Glossary
seo

Subdomain

Definition

A prefix added before your main domain, like blog.example.com. Creates a separate section that search engines may treat as a distinct website.

What is a Subdomain?

A subdomain is a prefix added to your main domain, creating what appears to be a separate section or site. In "blog.example.com", "blog" is the subdomain.
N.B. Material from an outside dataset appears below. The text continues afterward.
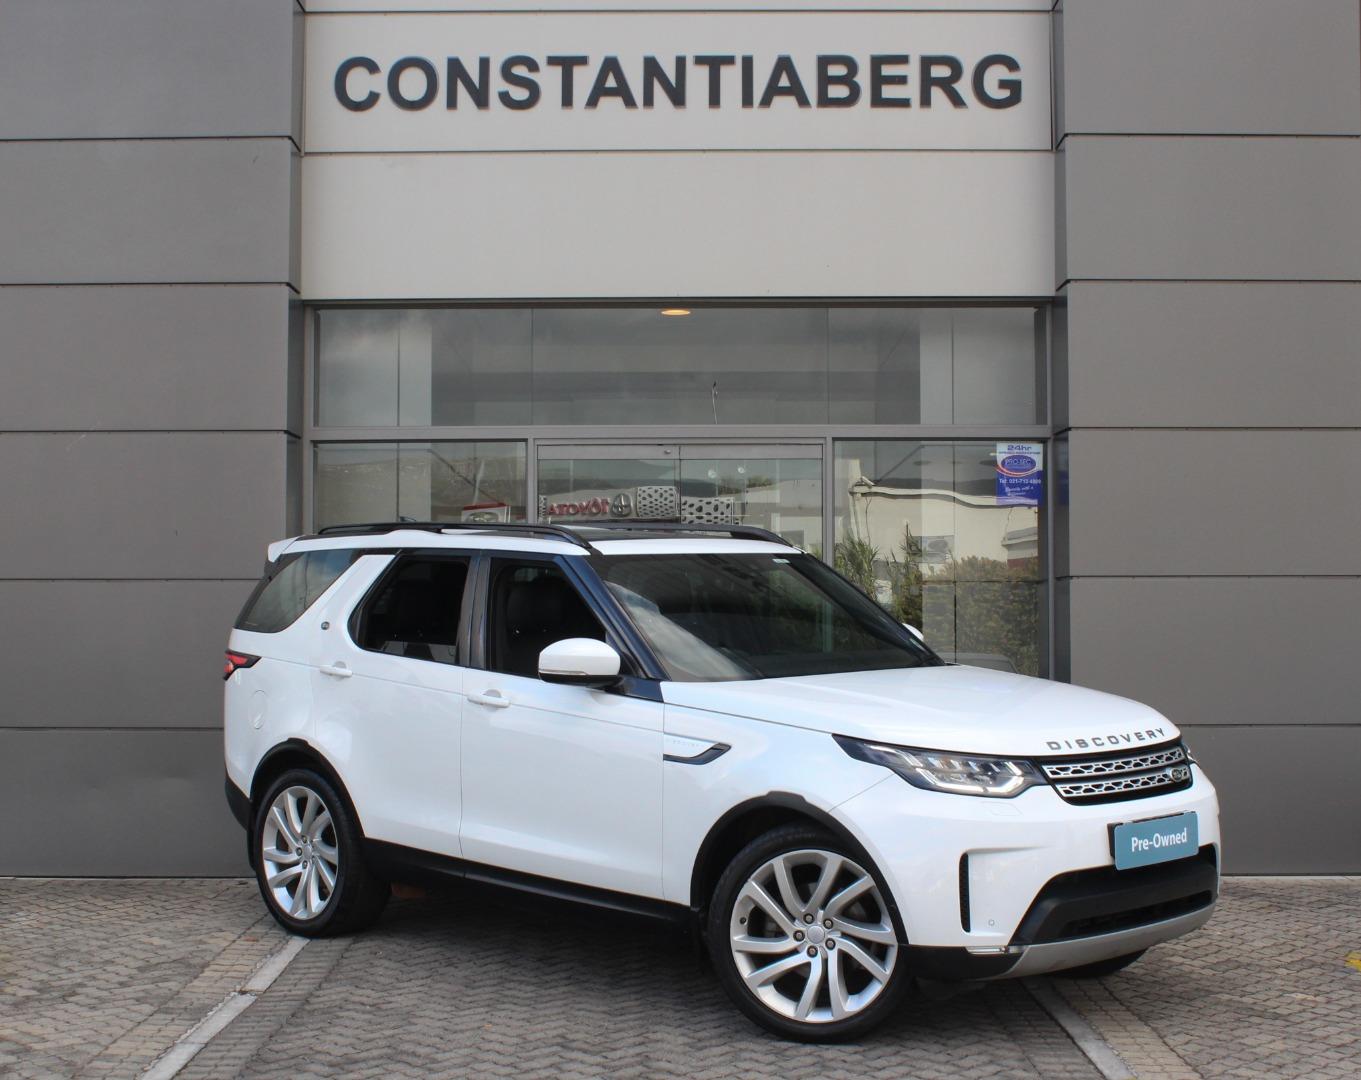 2019 Land Rover Discovery  for sale - 222255

Common examples include:

  • blog.company.com
  • shop.company.com
  • support.company.com
  • app.company.com

Subdomains vs Subfolders

The key difference is how search engines treat them:

Subdomain Subfolder
URL example blog.company.com company.com/blog
SEO authority Separate from main site Shares main site authority
Technical setup Separate hosting possible Same hosting as main site
Analytics May need separate tracking Same tracking

The SEO Debate

Google has stated they're generally good at associating subdomains with main domains, but SEO research often shows subfolders performing better for content that should boost your main site's authority.
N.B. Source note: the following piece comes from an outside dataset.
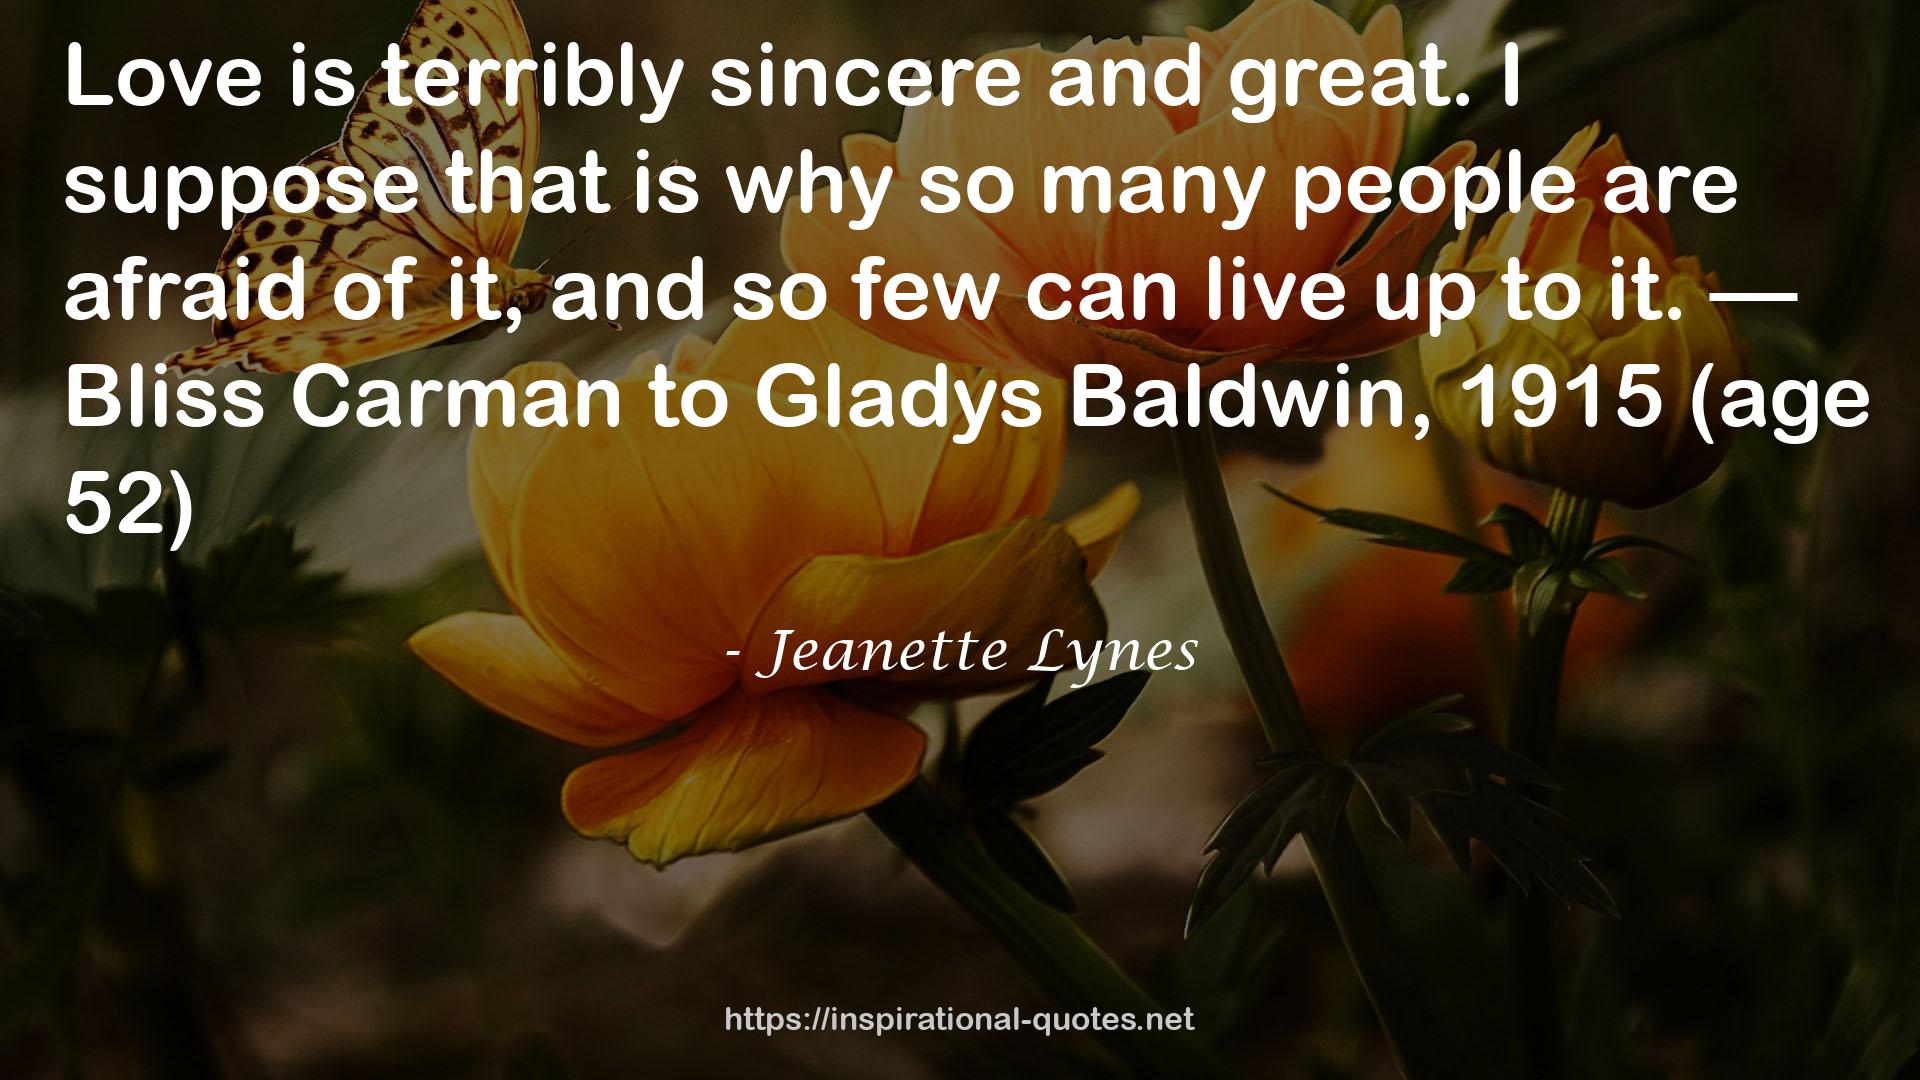 Jeanette Lynes QUOTES

The argument for subfolders: all content on company.com/blog builds authority for company.com. With blog.company.com, that authority might not transfer as effectively.

When Subdomains Make Sense

  • Completely different applications (app.company.com)
  • Different technical requirements
  • Separate business units that shouldn't share authority
  • International sites (uk.company.com)
  • Very large sites with distinct sections

When to Use Subfolders Instead

For most businesses, keep your blog, resources, and service pages on subfolders (company.com/blog, company.com/services). This consolidates authority and is simpler to manage.

Unless you have a specific technical or business reason for a subdomain, subfolders are usually the better SEO choice.